Selon les dernières données de Statistique Canada de 2021, le Québec se démarque à travers le Canada et même dans le monde entier, quant au nombre de personnes vivant en union libre. Les conjoints de fait représenteraient 43 % des unions, comparativement à 23 % pour l’ensemble du pays. D’ailleurs, si l’on soustrait le Québec des données du Canada, ce pourcentage serait ramené à 17 % seulement.
Au Québec, les conjoints de fait ne se retrouvent pas dans les mêmes proportions selon leur groupe d’âge. Pour les jeunes adultes de 20 à 24 ans, ils représentent 79 % des personnes vivant en couple alors que pour les personnes âgées de 55 à 69 ans, ils sont au nombre de 16 %.
Il va sans dire que la tendance ne devrait pas diminuer dans les années à venir.
Il semblerait cependant que plusieurs personnes vivant en union libre présument qu’après un certain temps, ils ont les mêmes droits et obligations que les gens mariés. Cette croyance provient notamment du fait que différentes lois sociales reconnaissent les conjoints de fait, selon les définitions qui se retrouvent dans celle-ci1.
1 Tel est le cas notamment de la Loi sur les impôts (RLRQ, c. I-3), la Loi sur les régimes complémentaires de retraite (RLRQ, c. R-15.1) la Loi sur le régime de rentes du Québec (RLRQ, c. R-9) etc. De plus, la Loi d’interprétation (RLRQ c. I-16) prévoit à son article 61.1 la définition de conjoints : « Sont des conjoints les personnes liées par un mariage ou une union civile. Sont assimilés à des conjoints, à moins que le contexte ne s’y oppose, les conjoints de fait. »
Cependant, le droit civil québécois, en l’occurrence le Code civil du Québec2, ne reconnaît qu’à quelques rares occasions les conjoints de fait. Toutefois, relativement à leurs enfants, les conjoints de fait3 ont les mêmes obligations et responsabilités que les couples mariés ou unis civilement.4
Les conjoints de fait n’ont aucune obligation légale entre eux, c’est-à-dire qu’ils ne sont pas soumis au partage du patrimoine familial, ni à un régime matrimonial, ils n’ont pas d’obligation alimentaire entre eux, ni prestation compensatoire, et n’ont pas de protection sur la résidence familiale. De plus, advenant un décès, ils n’héritent pas respectivement un envers l’autre, à moins d’avoir rédigé un testament à cet effet5. En cas de rupture, chacun reprend ses biens, qu’ils aient ou non des enfants et peu importe le nombre d’années de vie commune.

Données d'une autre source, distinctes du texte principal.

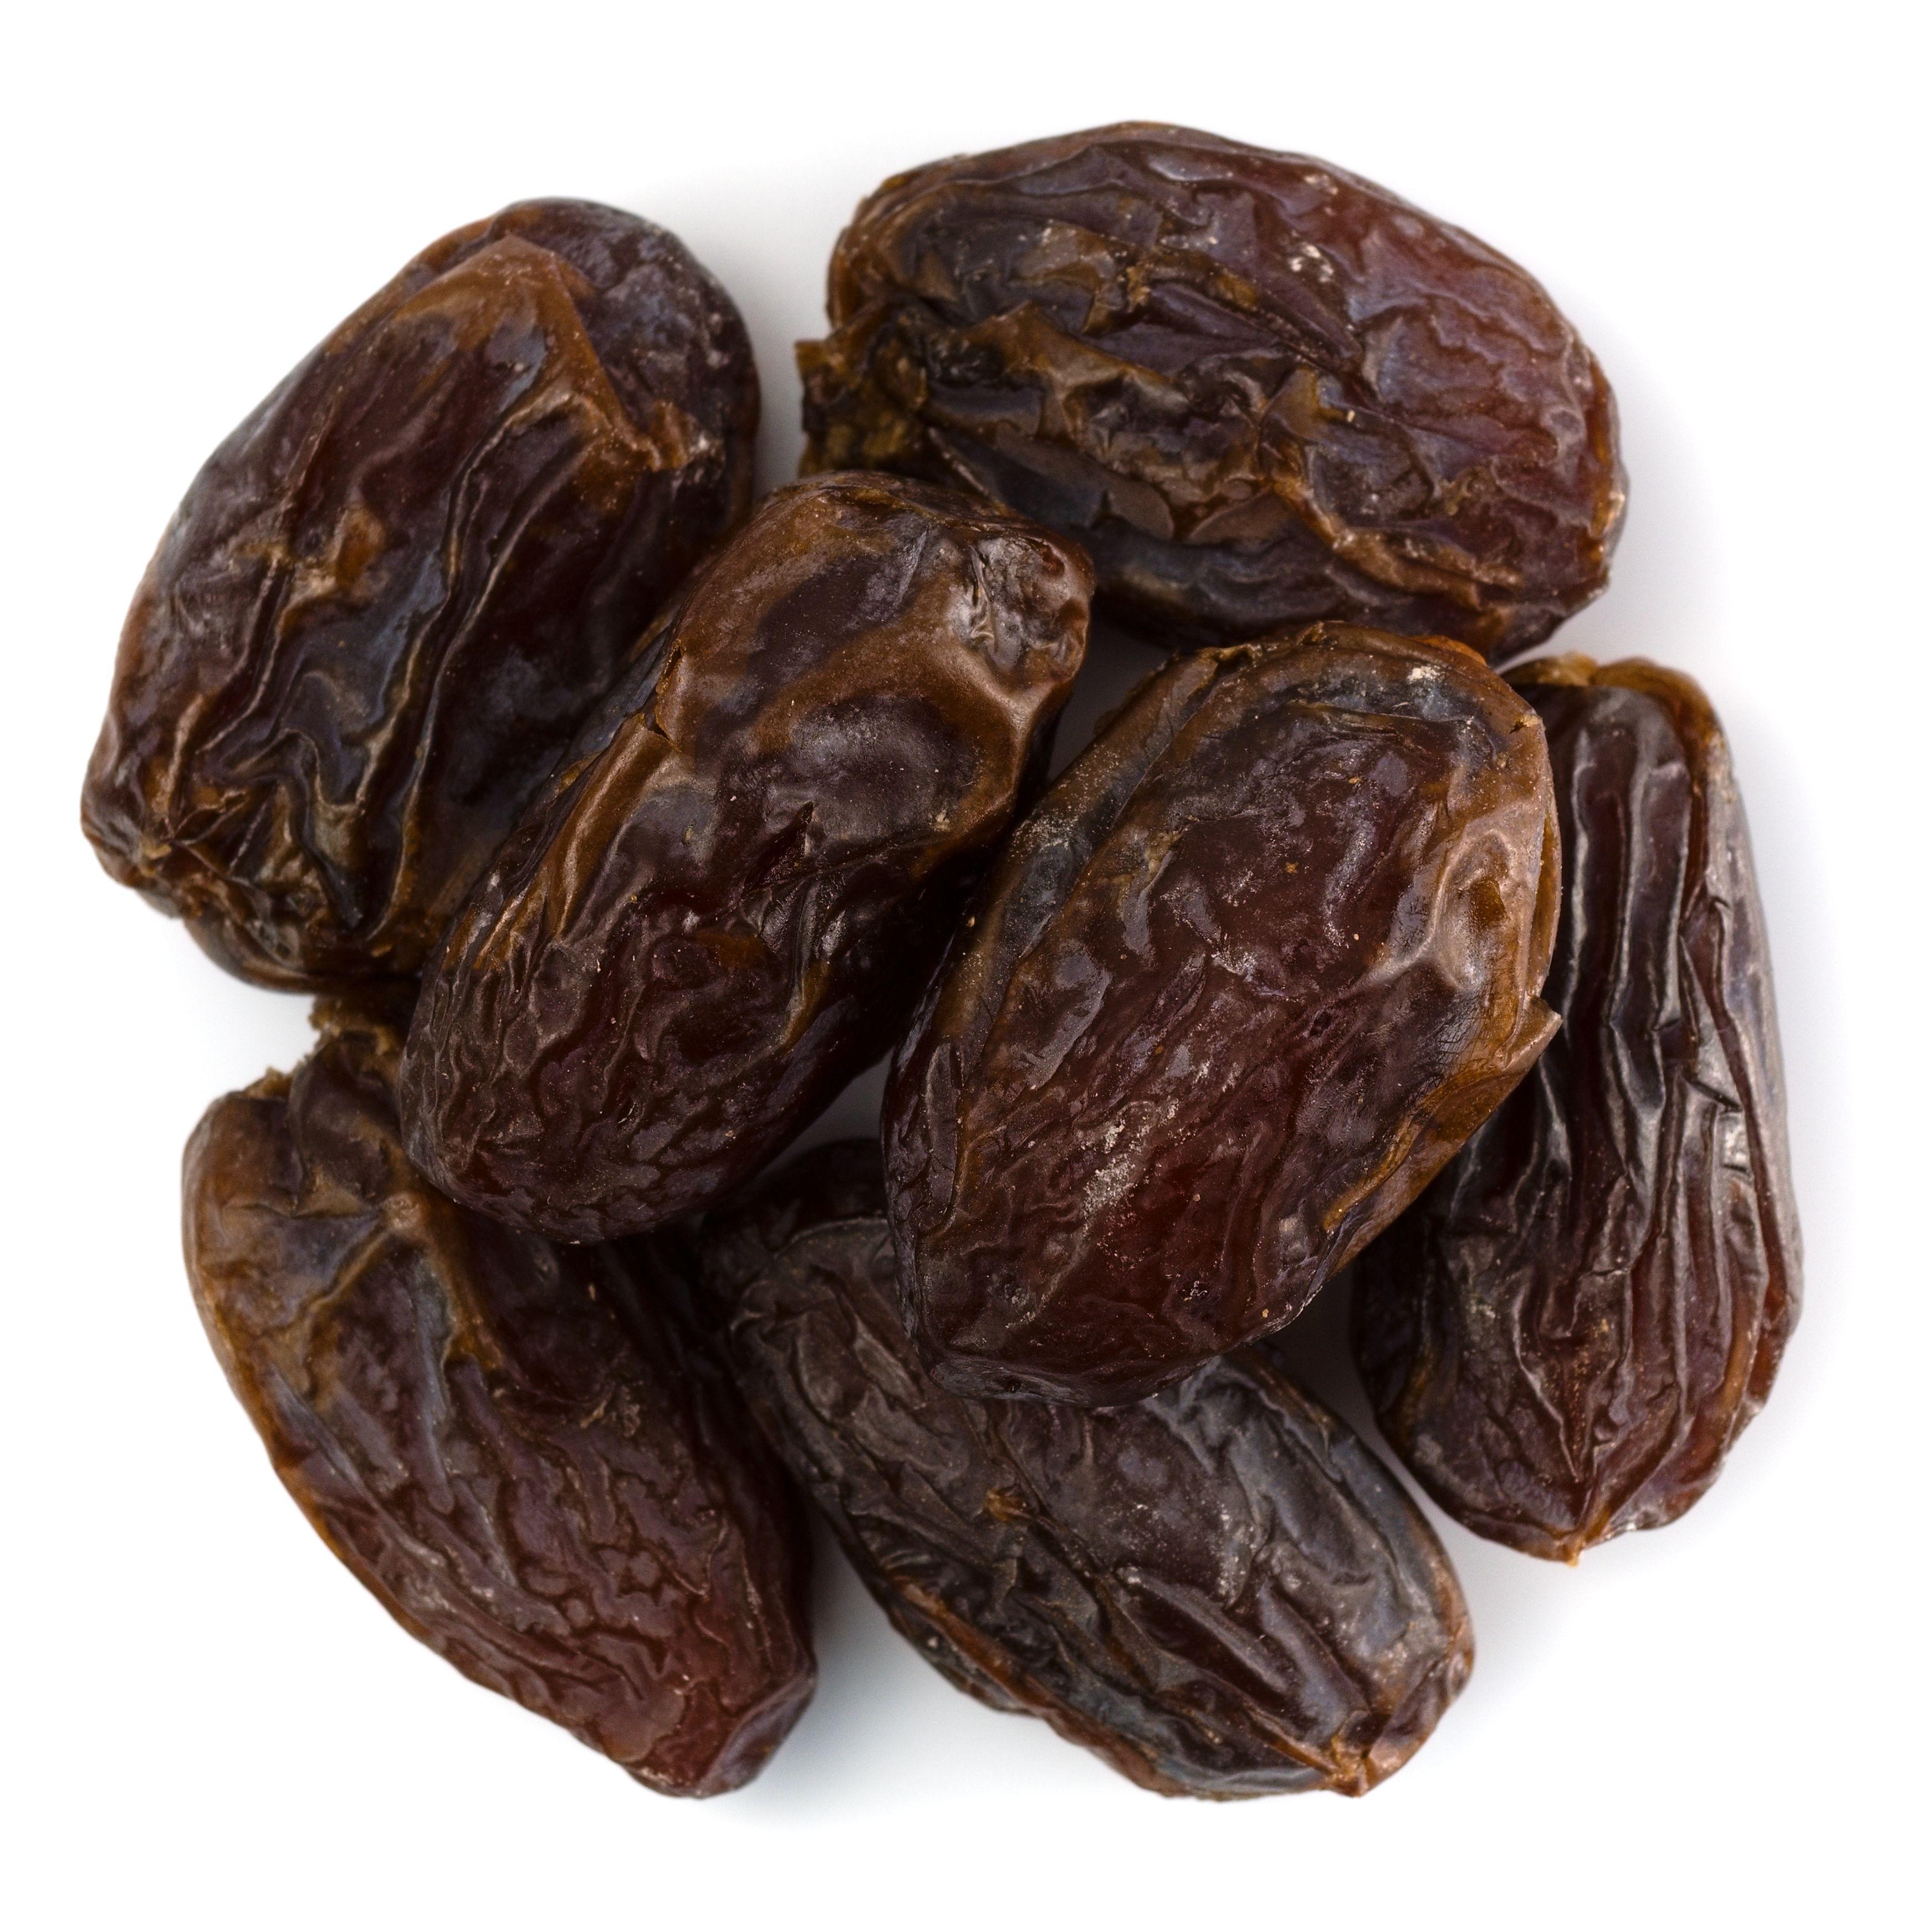 NUTSMAN Datle sušené s peckou Medjoul Jumbo NATURAL Množství: 500 g - nejvyšší kvalita zaručena
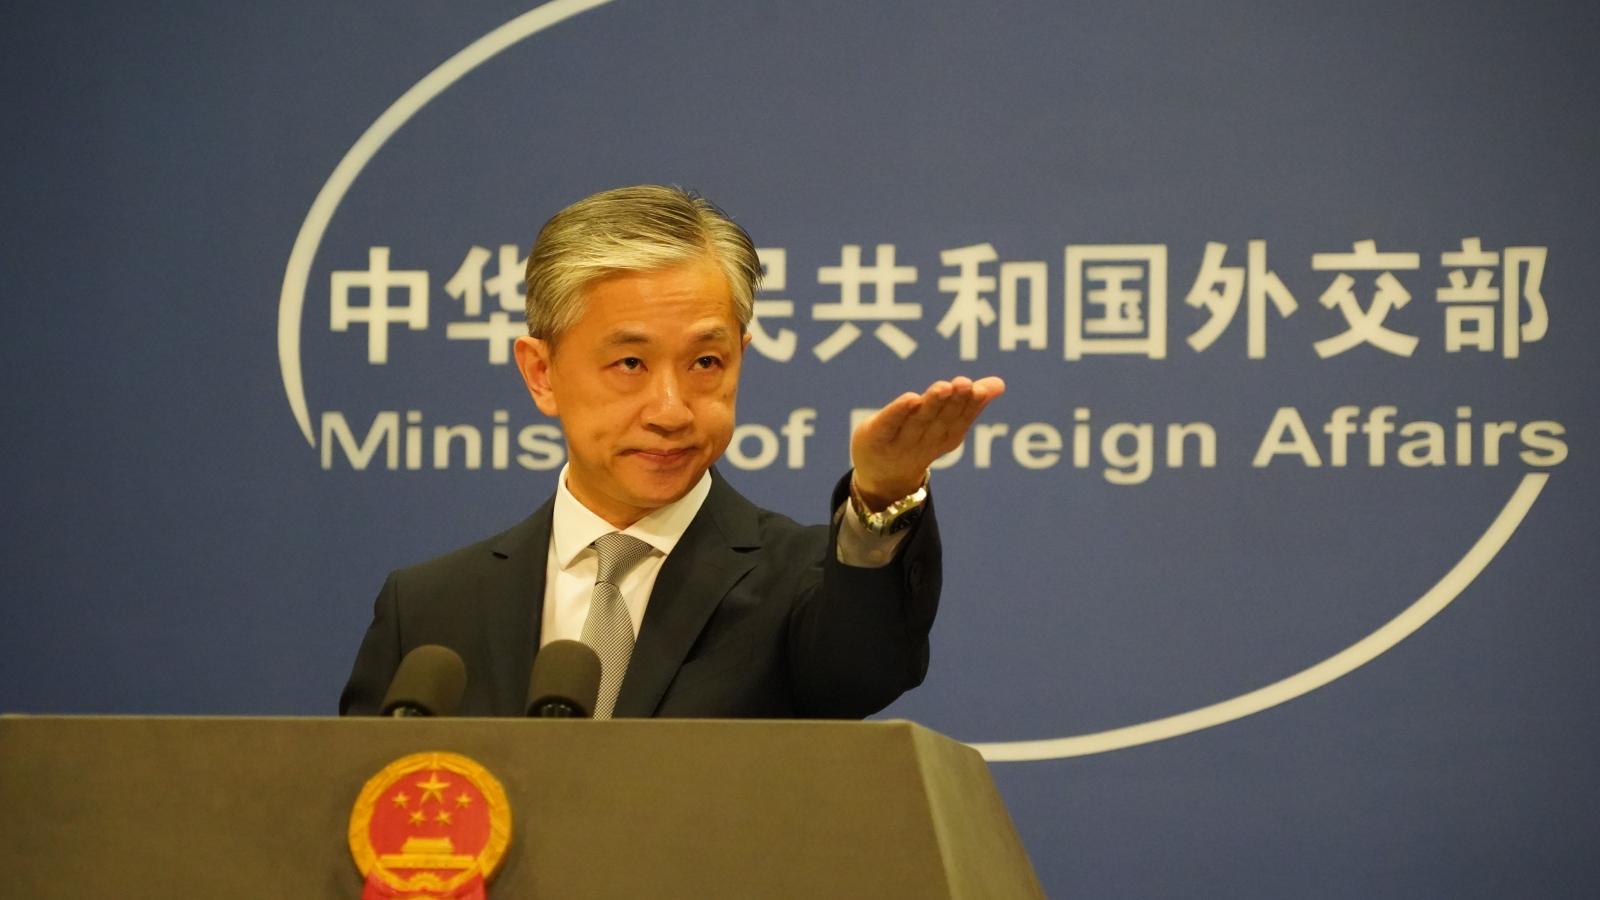 Căng thẳng ngoại giao giữa Mỹ và Trung Quốc tiếp tục gia tăng

Cependant, les conjoints de fait peuvent conclure entre eux une convention, l’adapter à leur guise, et être très créatifs dans leurs droits et obligations, dans la mesure où ils respectent l’ordre public. Cependant, il n’est pas permis de faire des donations à cause de mort dans une convention d’union de fait, contrairement à un contrat de mariage6.
Ces conventions ont-elles la cote? Malheureusement non, malgré la popularité de ce type d’union au Québec. Ainsi, le seul recours entre conjoints de fait, advenant rupture et mésentente, est une procédure judiciaire devant les tribunaux, soit une demande en enrichissement injustifié7 ou encore une demande en déclaration et en partage d’une société tacite8.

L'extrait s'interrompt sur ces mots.